Просто с младенчества мне запомнился урок коллективного ужаса — испуга невиновных людей, которых очень легко можно было объявить виноватыми. В мае 1953 года мы ехали с тетей Перл на троллейбусе. Был теплый весенний полдень, мне — пять лет, и ощущение счастья завершалось местом у открытого окна в полупустом салоне. Перед самой Пушкинской площадью в проезде Скворцова-Степанова возникла автомобильная пробка, троллейбус стал, а я высунулась из окна, чтобы лучше рассмотреть — какая-то машина продиралась сквозь пробку, издавая пронзительные ревуще-квакающие звуки. Огромный черный «ЗиС-110», беспрерывно мигая желтыми фарами, угрожающе орал сиреной, ограниченные толкучкой, шарахались с его пути малолитражки, но дать ему дорогу не могли физически -впереди было все забито. Около нашего троллейбуса лимузин замер, и через опущенное окошко передней двери я увидела в упор пассажира.
В распахнутый ворот белой рубашки свисали два подбородка, маленький рот, похожий на смеженное веко, бородавка на щеке, влажная лысина, утепленная светлым подшерстком. Опрятная кисточка усиков под носом, будто сморкнулся чернилами и забыл утереться. И вымоченные светло-голубые глаза за ледяными стеклышками пенсне.

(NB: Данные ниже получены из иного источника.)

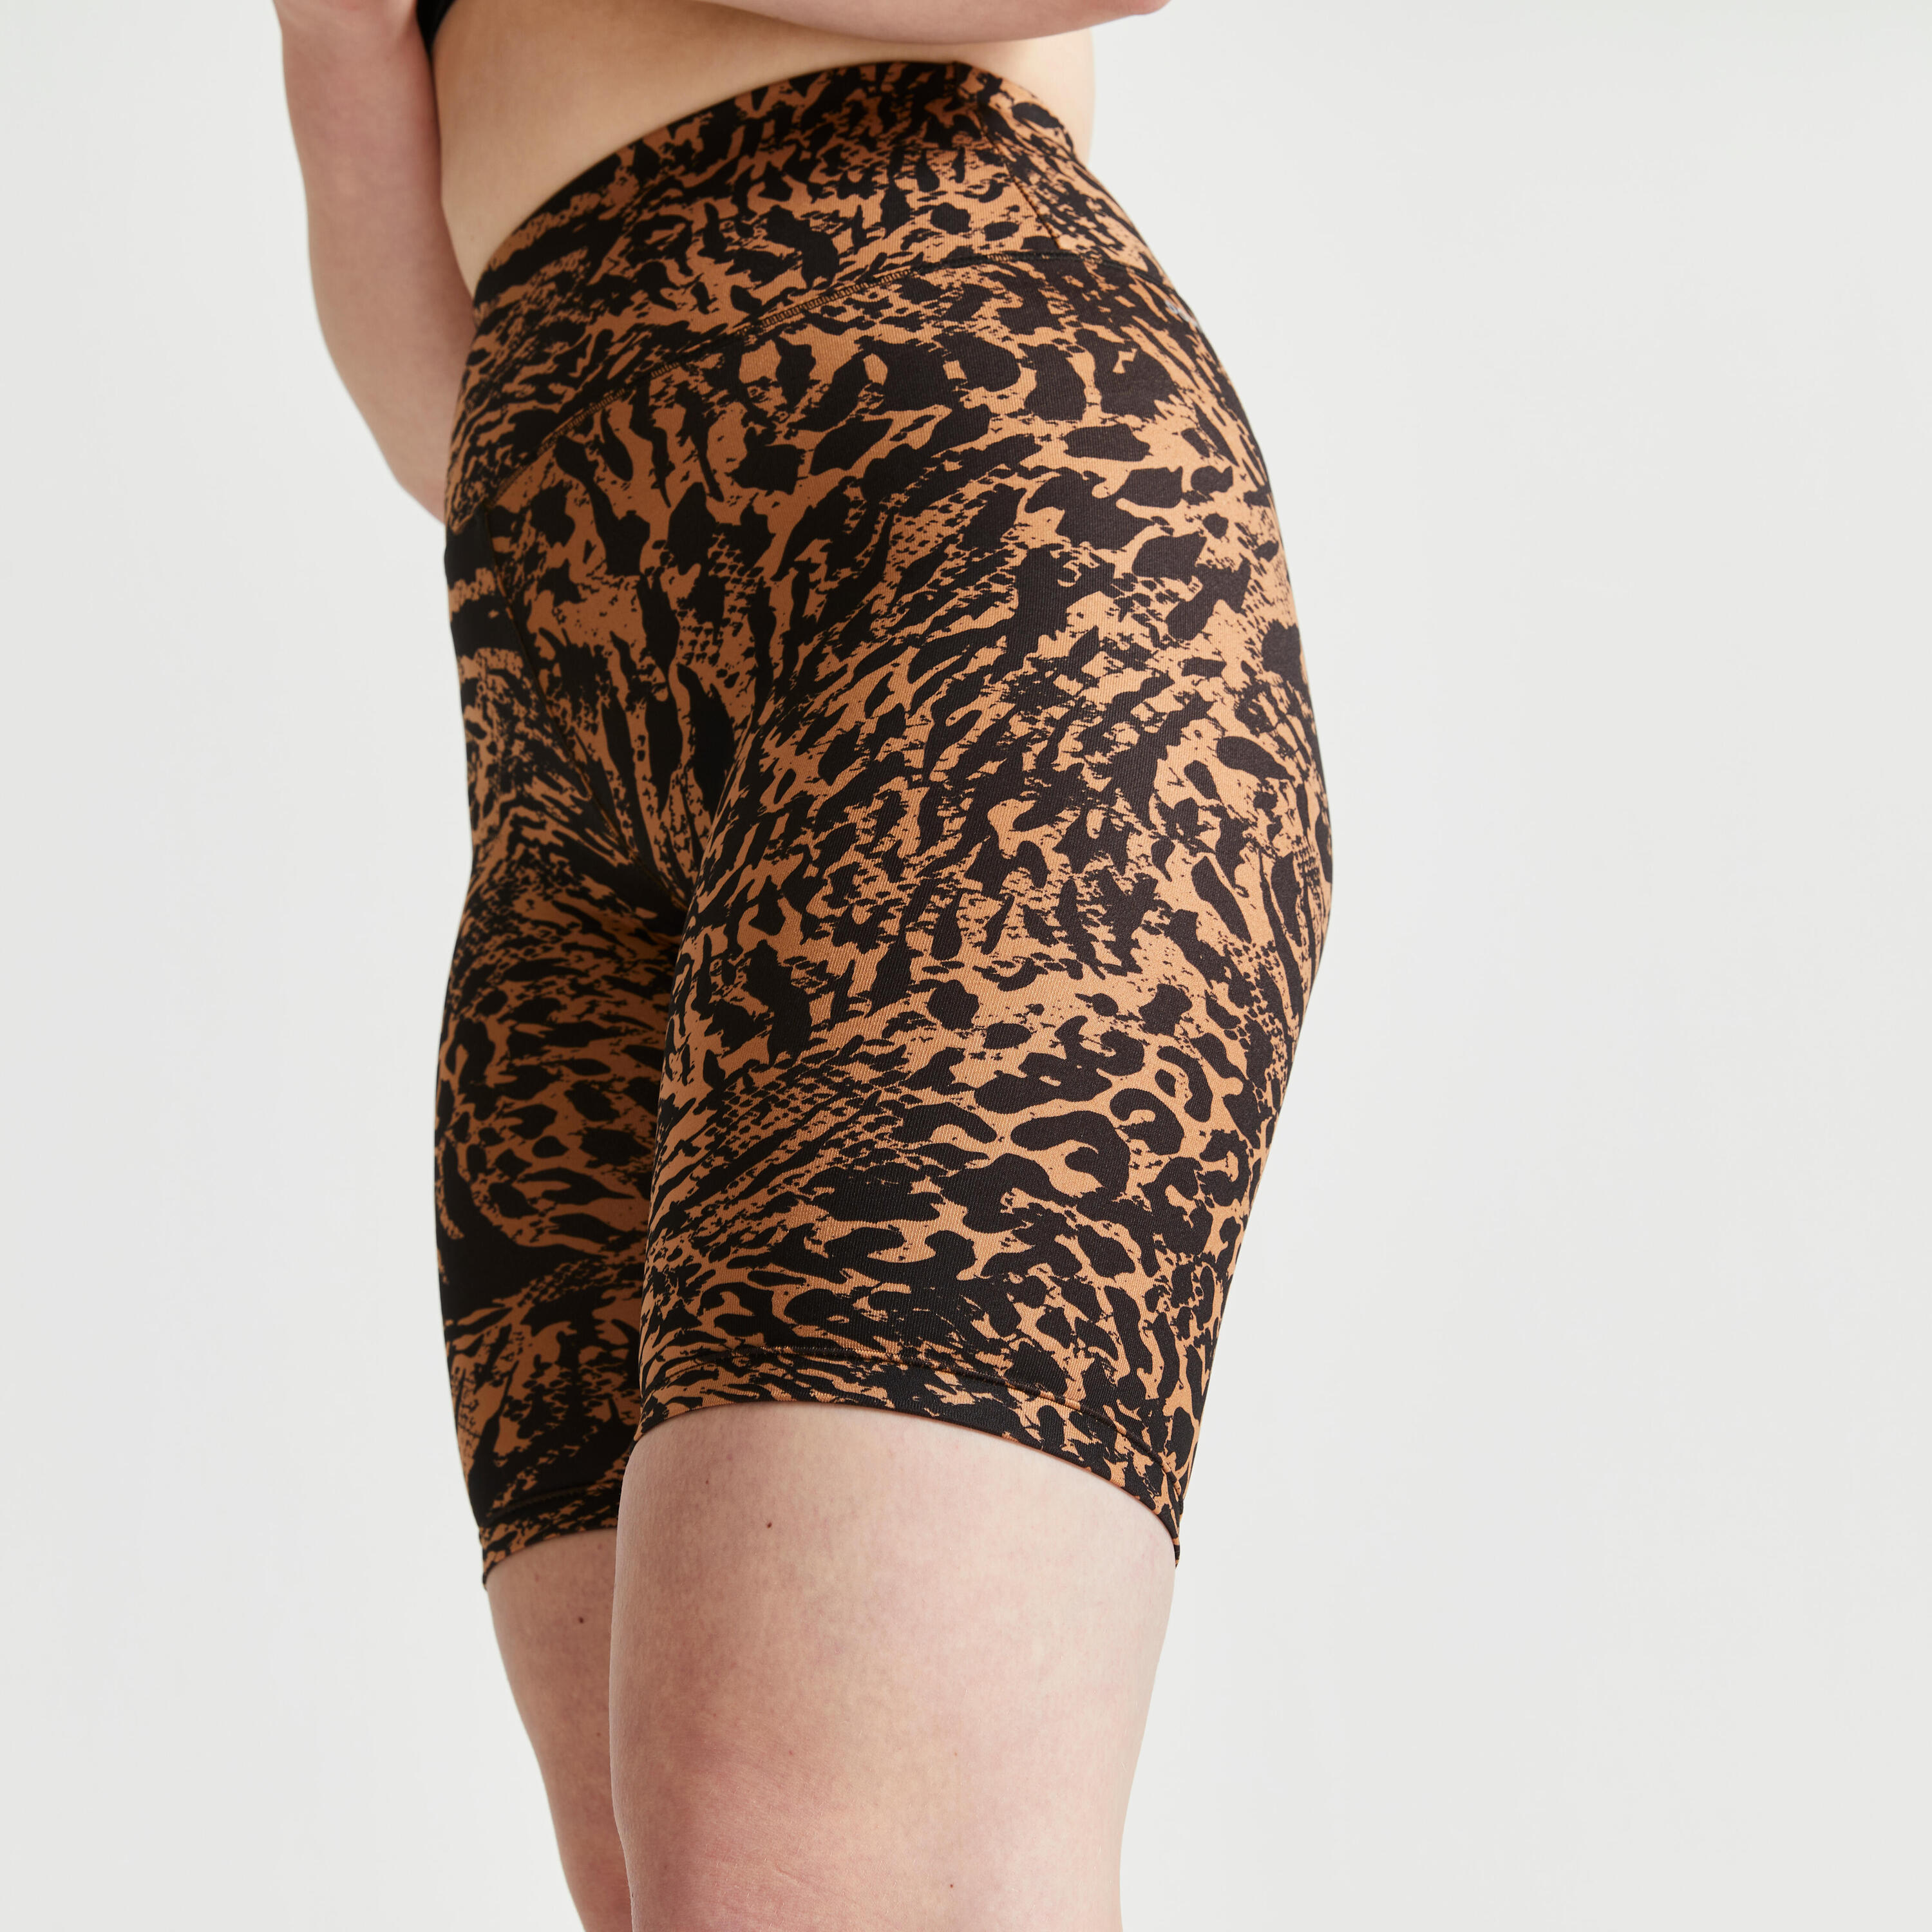 Women's High-Waisted Cardio Fitness Cycling Shorts - Leopard Print 4/4

Он смотрел прямо перед собой, не замечая пробки, нашего застрявшего троллейбуса, моего удивления.
— Тетя, посмотри, какой страшный дядька! — крикнула я громко.
Он повернулся ко мне — его потное лицо было на расстоянии метра от меня, медленно рассмотрел и коротко улыбнулся, как сморгнул. Я успела увидеть в щели между тонкими губами-щеками проблеск золотых зубов.
И вздох— всхлип ужаса пронесся еле слышно за моей спиной в салоне. Водитель троллейбуса почему-то открыл дверь -наверное, от растерянности, и люди, давясь, ожесточенно толкаясь у выхода, рванули наружу, как вода из треснувшей бочки.
Впереди оглашенно засвистели милиционеры-регулировщики, машины задвигались, вновь взревела сирена «ЗИСА», блеснуло солнце в золотой дужке пенсне, и лимузин, фыркнув, рявкнув, желто вспыхнув фарами, умчался.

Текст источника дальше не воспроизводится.